The WGCNA implemented in the R software package (http://www.r-project.org/) is employed to construct the gene co-expression network and identify the co-expression modules. The process is summarized as follows. First, hierarchical clustering analysis was performed on the samples by the flashClust package in R software [14] and found the sample outlier. Second, WGCNA algorithm was used to calculate the correlations amongst genes across samples, and the appropriate soft threshold power was chosen and the standard scale-free network was established by the condition of scale independent as >0.8. Third, module identification was carried out with the dynamic tree cut method by hierarchically clustering the genes using 1- topological overlap matrix (TOM) as the distance measure with a deep split value of 2 and minimum module size (minClusterSize) of 50 for the resulting dendrogram.
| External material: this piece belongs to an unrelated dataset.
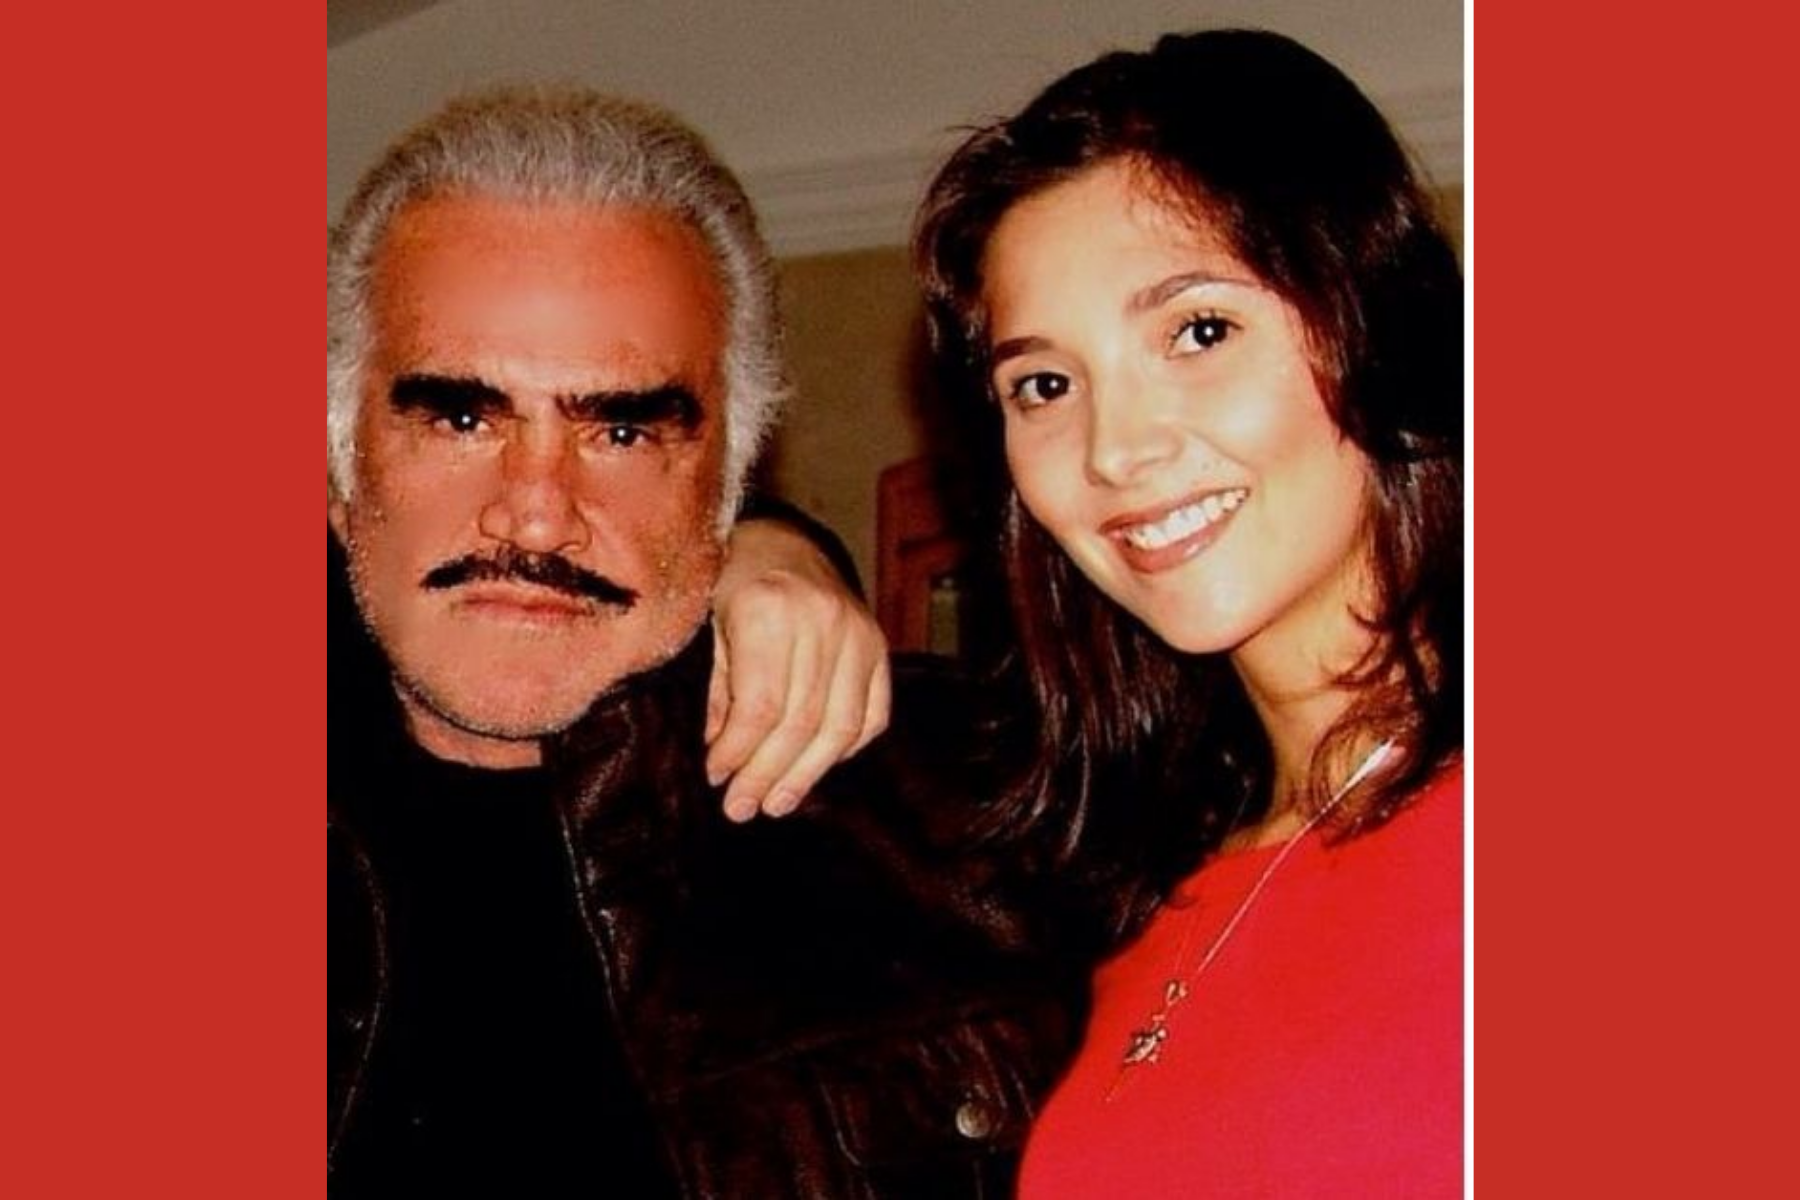 Alejandra Fernández wearing a red shirt with her late father Vicente Fernández

Highly similar modules were clustered and merged with a height cutoff of 0.25. Finally, WGCNA algorithm was then used to construct the co-expression modules and extract the gene information in each module.

Establishment of module related trait relationships

The correlation between gene expression modules and each phenotype of BC cell lines was determined by WGCNA. Spearman’s correlation analysis was carried out to determine the association individual module and subtype of BC cell lines, which was the most relevant module between the module eigengene (ME) and clinical traits. Each subtype of BC has a strongly related module, which can be used as its signature. Gene significance (GS) was calculated for each expression profiles, module membership (MM) was defined as the correlation of expression profile and each MM. The GS versus MM plot was also drawn.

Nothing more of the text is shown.